Really looking forward to the database row trigger. May beside adding a row, the trigger could also fire if any row in the database table is changed/deleted?
That’s probably achievable, but in a tricky way.
This could work in a two-phase setup.
First, you create another SQL database table (mon_table ) and configure SQL database triggers such as AFTER UPDATE and AFTER DELETE for the original table. On trigger execution, update a column value (timestamp/rowID) in mon_table .
Second, you configure an EM Server database trigger to watch mon_table for timestamp/rowID updates.
I think about this problem as being similar to trying to implement incremental extraction processes from a database.
The simplest is always the system where records can only be added. Financial accounting systems are often like this. Once I've added a record it can't be deleted and my only option is a add another record reversing out the previous. This would be handled by the "database rows added" trigger. I need only store the last primary key filed value or the last created date field value to be able to check if there are any new records.
The next simplest is a system where there is a reliable last modified dates. I stress the need for reliability as I've lost count of the number of times I've been told a last modified field was always updated, only to find this wasn't the case when the incremental load process started to diverge from the reality. If you have reliable modified dates, and they are indexed properly for performance, then the problem is essentially the same as when adding records. Rather than checking the max(id) against my cached one from the last check, I simply check the max(modified_date) against the last cached. Being as dates are stored as numeric in most DBs, they check is the same.
As @ckononenko suggested, the next best solution is if a reliable modified date can be added to the database, either in the same table or a dedicated one. SQL triggers are the most reliable way in my experience to ensure they are always updated, but they do come with an overhead to the SQL server which your DBAs can object to. If they can be added then they then fall into the above solution.
And if all of these aren't possible or reliable, as @dgudkov said, things get a lot more complex to implement into a reliable solution. There are always ways and means to achieve it, but they are rarely efficient and tend to come with known problems where a full extract is needed ever night to realign the data. Trying to build a reliable solution in EasyMorph to solve this would I'm sure be a lot harder and a lot more work. Certainly something to give more thought to though.
Thanks all for the ideas and discussions - the power of the EasyMorph community hive mind at its best! Keep them coming.
Thank you for your comments. I understand the challenges, and I'm happy to share that the standard design principles for our data tables is to include a RGDT, which covers the date (not datetime) and a LMDT, which is the date of last modification to the particular data row. As long as the trigger can also check database rows on a daily basis (what changed yesterday) this would be already of great help.

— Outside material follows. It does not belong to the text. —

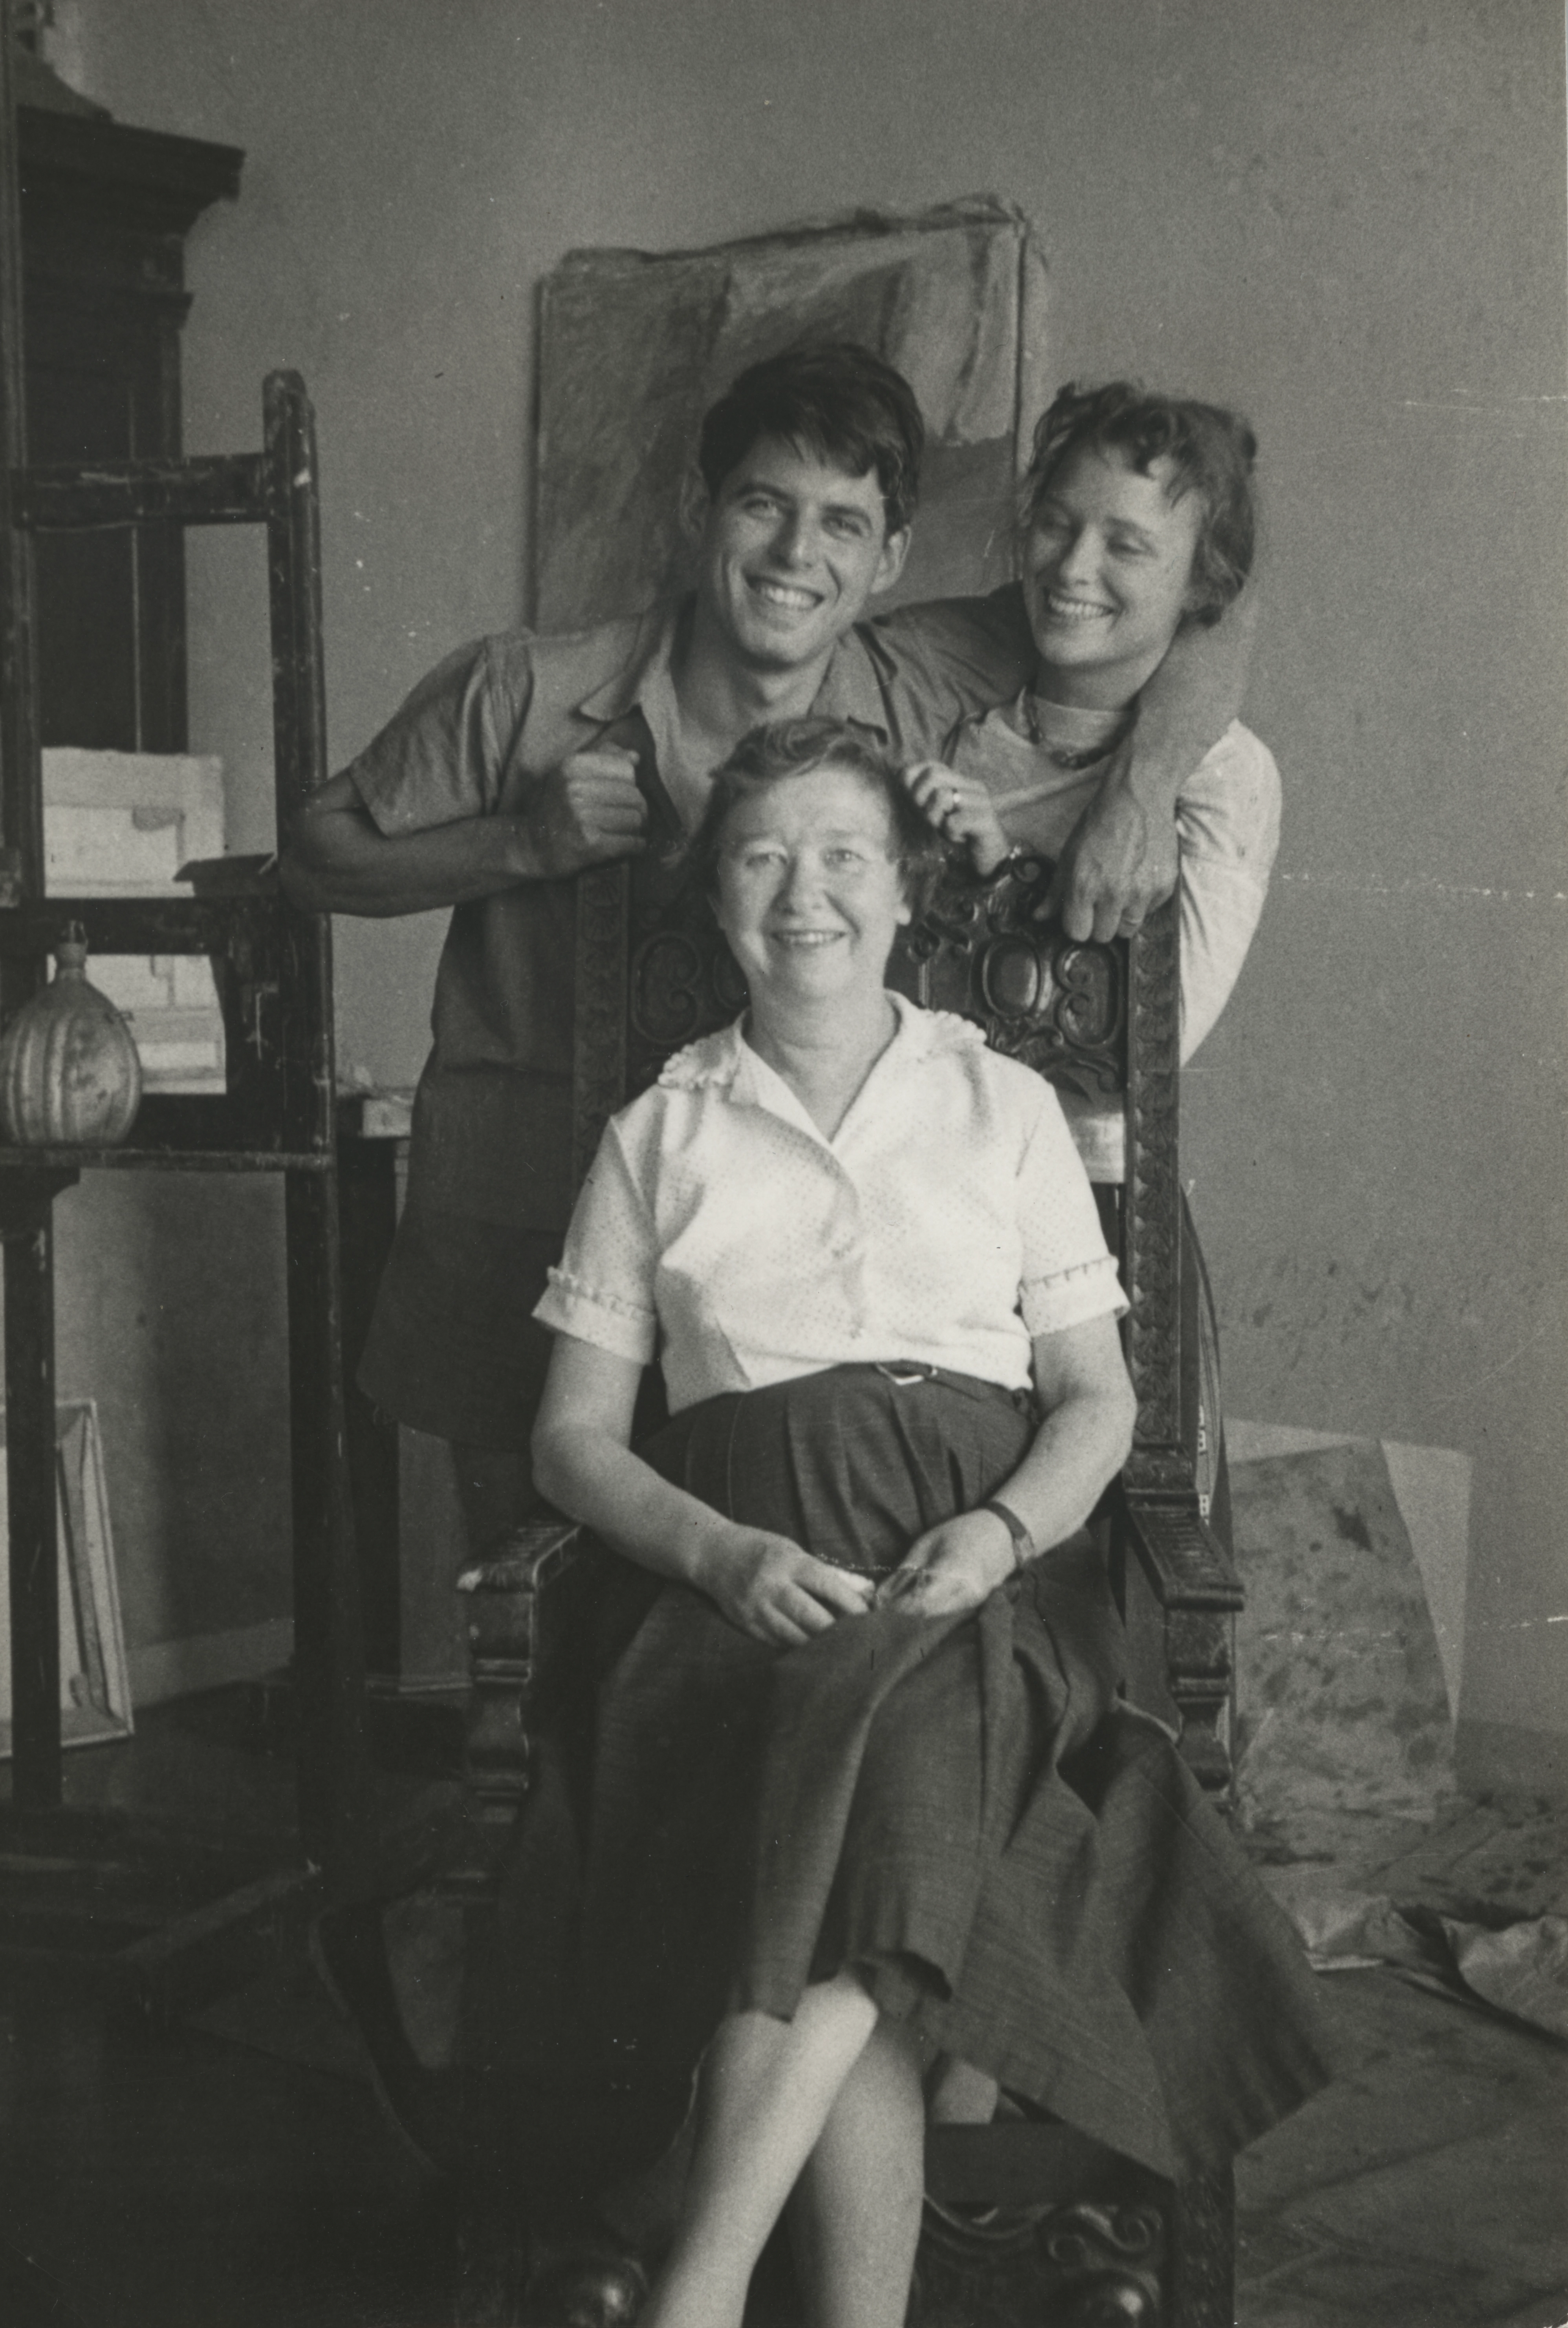 Black and white photograph from 1958 of three people with light skin tones; a younger man and younger woman, standing behind a chair, and an older woman seated in front of them. All three are smiling.
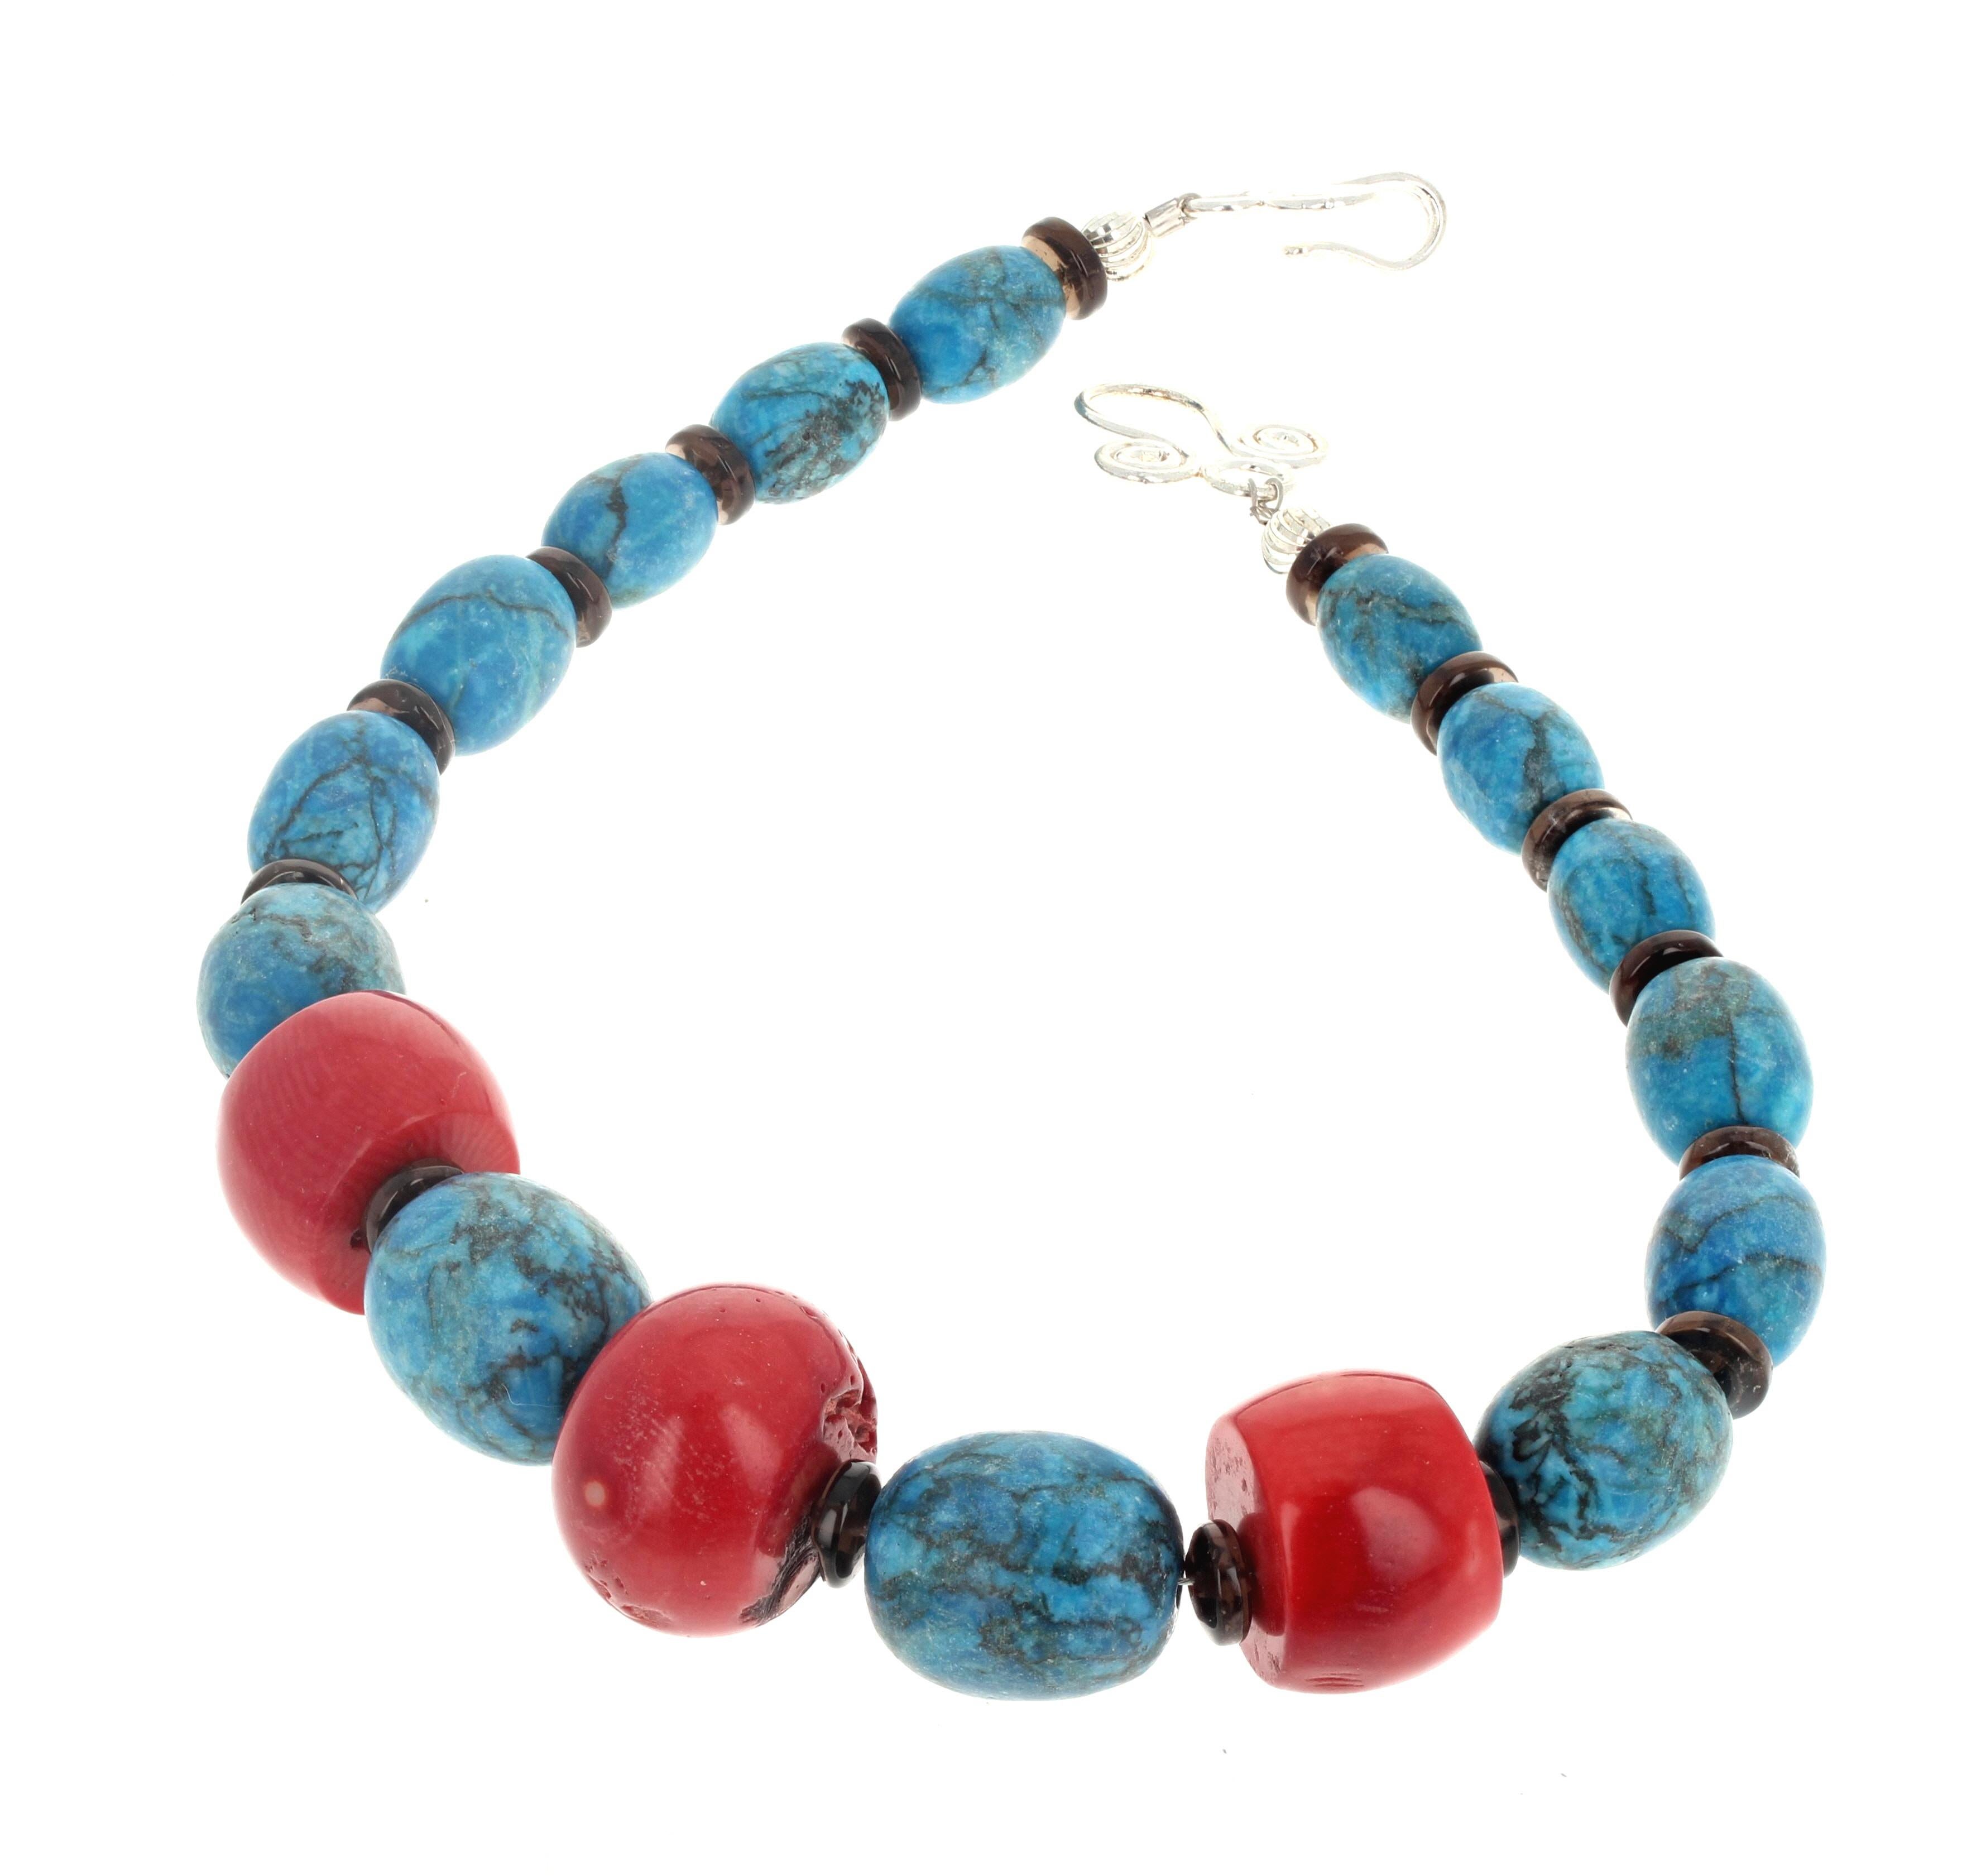 This is exactly 15 inches long with an easy to use silver hook clasp. The largest of these very blue realTurquoise are 20mm x 17mm.  The largest center natural real red Coral is 23 1/2mm x 14mm.  The gem cut and polished rondel spacers are Smoky

We use sharepoint as a dropzone for files as people from the business side work with sharepoint. Will it be possible to put a trigger on file uploads on sharepoint as well ?
For clarity, the database rows trigger will only monitor a table for new (and possibly modified) records and then execute a task if new are found. The morph will still need to perform the incremental load, getting just the new records and merging them with the records already extracted. The trigger won't perform the incremental load. In your scenario where you want to check once a day for records updated yesterday, the database trigger won't make much difference to simply scheduling the task to run over night.